Based on his analysis, summarised above, the Advocate General thus found that, although based on the correct interpretation of Lexel, the Dutch anti-base erosion rules are incompatible with the freedom of establishment, and that the CJEU should rule otherwise by revisiting the approach it took in Lexel. 

First observations

The Advocate General’s opinion may not be what was expected. It seemed likely that the responses to the questions of the Supreme Court would either bring a certain nuance to the Lexel ruling or conform that – in line with Lexel – a distinction should be made between loans contracted on an arm’s length basis (which are regarded as genuine) and those which are not contracted on such a basis (which may be regarded as artificial). The advice of the Advocate General is, however, to effectively ignore Lexel and rule that it is in principle irrelevant whether an intra-group loan is contracted on an arm’s length basis. The Advocate General’s thinking may be to try and tackle situations whereby there is a deduction of interest in one jurisdiction, without ultimately a taxable pickup of that interest in another jurisdiction. There are, however, specific rules to tackle such situations like, inter alia, ATAD2, beneficial ownership requirements and recently introduced Dutch transfer pricing mismatch rules. 

If the EUCJ would take over the Advocate General’s opinion, it would follow a trend that the (local) courts and governments are no longer reluctant to restrict companies in their freedom of financing businesses activities. It would further mean that the deduction of interest on an intra-group loan may be denied, whilst the interest on a third party loan under the same terms and conditions would have been deductible. The Advocate General submits that the decisive consideration is whether the entering into of the loan is overall devoid of economic and/or commercial justification and whether the sole (or main) purpose of the loan is to generate (deductible) interest payments at the borrowing company (contrary to what the EUCJ ruled in paragraph 54 of the judgment in Lexel). He agrees with the Dutch government that such a loan cannot be regarded as ‘reflecting economic reality’, is wholly artificial and even if its terms and conditions are at arm’s length (i.e. that loan does not ‘reflect economic reality’ because, but for the relationship between the companies and the tax advantage sought, it would never have been taken).

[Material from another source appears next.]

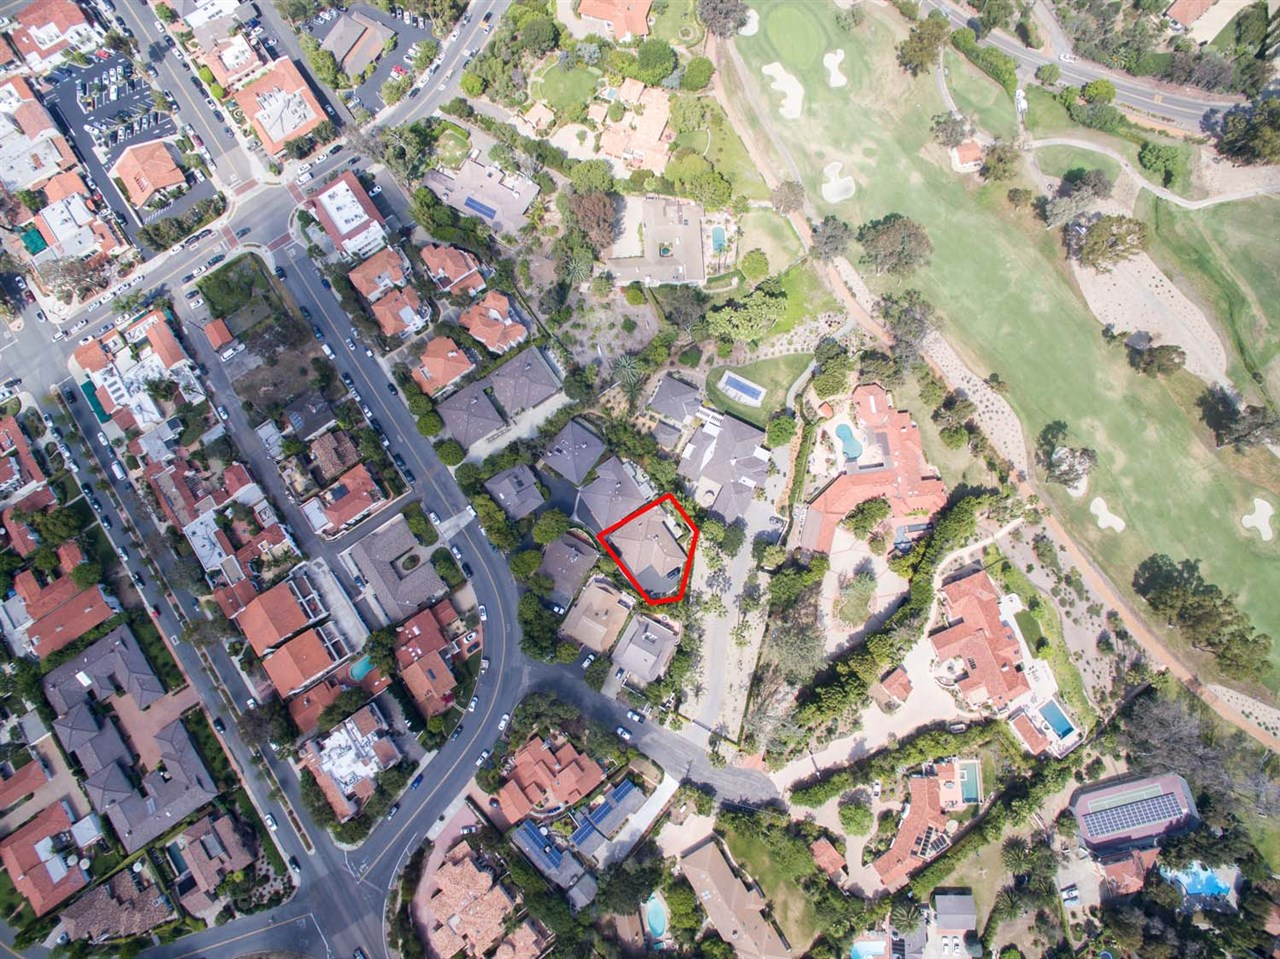 6148 El Tordo, Rancho Santa Fe, CA 92067

The Advocate General claims that such artificially generated debts are precisely the target of the Dutch anti-base erosion rules. However, the actual purpose of these rules are solely to deny the deduction of interest on loans which have been entered into in connection with exempt income and not to target every situation whereby the (sole) purpose is to generate deductible interest payments, especially in case there is an actual financing need for the business activities of the borrower. 

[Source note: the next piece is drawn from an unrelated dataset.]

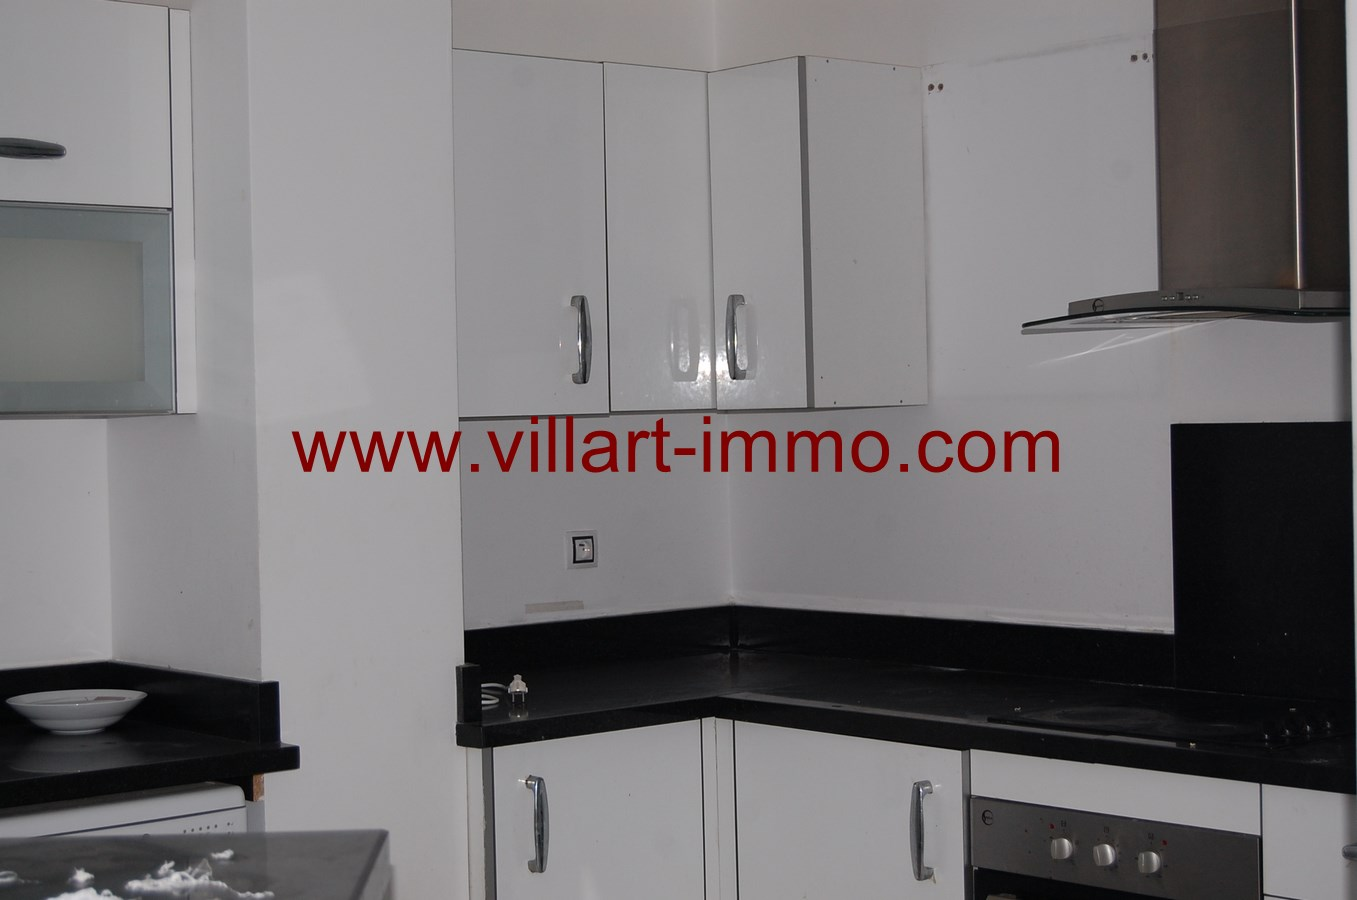 3-a-vendre-appartement-tanger-quartier-playa-cuisine-va433-villart-immo

In addition, one could argue that contracting a loan on arm’s length conditions implies in essence that a third party would be willing to provide such loan to the borrowing company. One could submit that the arm’s length conditions are at least an indication that the loan is not ‘wholly artificial’ and therefore we would expect that the EUCJ in its ruling does not follow the Advocate General’s view that the arm’s length conditions of a loan are an irrelevant consideration.

Final remarks

It is now up to the CJEU to answer these preliminary questions and to decide whether and to what extent the Dutch anti-base erosion rules are compatible with EU law. However, if the Court were to follow the Advocate General’s opinion, it would have to acknowledge that an incorrect approach was taken less than three years ago. We will update you as soon as any relevant next steps or developments take place.